我正在对大型数据框的许多不同子集进行逻辑回归。为此,我使用以下代码(使用dplyr和purrr):
# define model to be run
mod_fun <- function(df) {
glm(presence ~ transect, data = df, family = "binomial")
}
# nest data and run model
mod.glm <- dat %>%
nest(-c(region, fYear, species, road)) %>%
mutate(model = map(data, mod_fun))
# define functions to extract model coefficients
b_fun <- function(mod) {
coef(summary(mod))[2]
}
p_fun <- function(mod) {
coef(summary(mod))[8]
}
# extract coefficients
slope<-mod.glm %>% group_by(species, region, fYear, road) %>%
transmute(beta = map_dbl(model, b_fun),
p_val = map_dbl(model, p_fun))
您可以看到,我只想提取斜率的估计值和p值(称为transect)。为此,我使用了索引coef(summary(mod))[2]等。问题是我的数据帧中还存在一些子集,导致某些系统的系数被设置为NA的系统超定。使用coef(summary(mod))[2]提取coef()输出的第二个值,并且由于coef()中的NA被忽略,因此这将不再是我要提取的transect的估算值。到目前为止,我尝试取消coef(summary(mod_2), complete = TRUE)(->没有任何变化,但仍未显示NA)并直接处理值coef(summary(mod_2), complete = TRUE)["transect","Estimate"](->会引发错误)。有谁知道我该如何解决这个问题?
到目前为止我尝试过的:
# two example models; mod_2 will result in NAs
mod_1 <- glm(presence ~ transect, data = dat[dat$fYear == 1& dat$species=="Plantago lanceolata",], family = "binomial")
mod_2 <- glm(presence ~ transect, data = dat[dat$fYear == 2& dat$species=="Plantago lanceolata",], family = "binomial")
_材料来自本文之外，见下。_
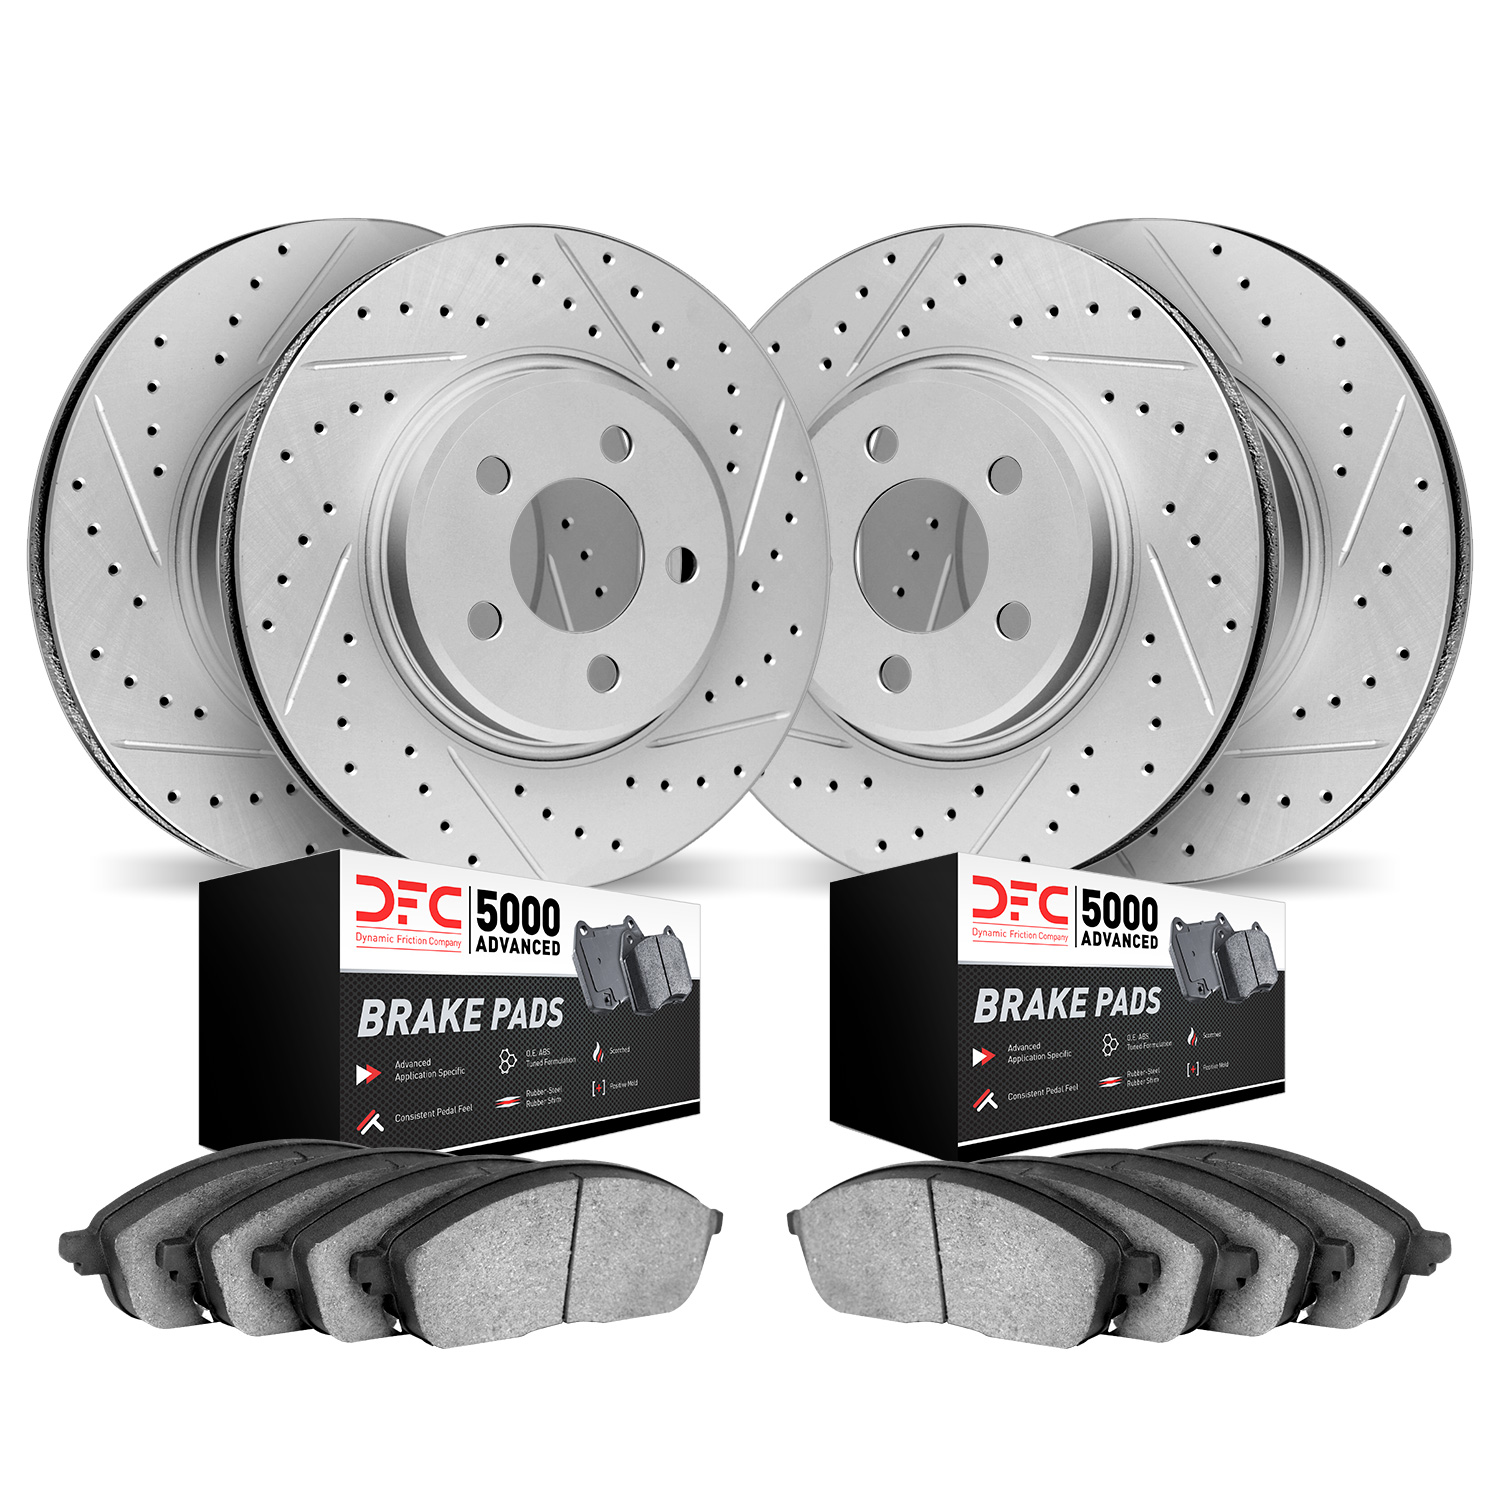 2504-31044 Geoperformance Drilled/Slotted Rotors w/5000 Advanced Brake Pads Kit, Fits Select BMW, Position: Front and Rear

coef(summary(mod_1))[2] # works fine
coef(summary(mod_2))[2] # not the value I want
coef(summary(mod_1), complete = TRUE)["transect","Estimate"] # works fine
coef(summary(mod_2), complete = TRUE)["transect","Estimate"] # error
coef(summary(mod_2), complete = TRUE) # NAs for transect are still not displayed
summary(mod_2)$coefficients["transect","Estimate"] # is not working either
数据:
dput(dat)
structure(list(region = c("HWI", "HWI", "HWI", "HWI", "HWI",
"HWI", "HWI", "HWI", "HWI", "HWI", "HWI", "HWI", "HWI", "HWI",
"HWI", "HWI", "HWI", "HWI", "HWI", "HWI", "HWI", "HWI", "HWI",
"HWI", "HWI", "HWI", "HWI", "HWI", "HWI"), road = c("MK", "MK",
"MK", "MK", "MK", "MK", "MK", "MK", "MK", "MK", "MK", "MK", "MK",
"MK", "MK", "MK", "MK", "MK", "MK", "MK", "MK", "MK", "MK", "MK",
"MK", "MK", "MK", "MK", "MK"), transect = c(1L, 1L, 2L, 2L, 3L,
3L, 4L, 4L, 4L, 4L, 6L, 6L, 7L, 7L, 8L, 8L, 9L, 9L, 10L, 10L,
11L, 11L, 12L, 12L, 13L, 13L, 15L, 15L, 1L), fYear = c(1L, 1L,
1L, 1L, 1L, 1L, 1L, 1L, 1L, 1L, 1L, 1L, 1L, 1L, 1L, 1L, 1L, 1L,
1L, 1L, 1L, 1L, 1L, 1L, 1L, 1L, 1L, 1L, 2L), species = c("Plantago lanceolata",
"Poa pratensis", "Plantago lanceolata", "Poa pratensis", "Plantago lanceolata",
"Poa pratensis", "Plantago lanceolata", "Poa pratensis", "Plantago lanceolata",
"Poa pratensis", "Plantago lanceolata", "Poa pratensis", "Plantago lanceolata",
"Poa pratensis", "Plantago lanceolata", "Poa pratensis", "Plantago lanceolata",
"Poa pratensis", "Plantago lanceolata", "Poa pratensis", "Plantago lanceolata",
"Poa pratensis", "Plantago lanceolata", "Poa pratensis", "Plantago lanceolata",
"Poa pratensis", "Plantago lanceolata", "Poa pratensis", "Plantago lanceolata"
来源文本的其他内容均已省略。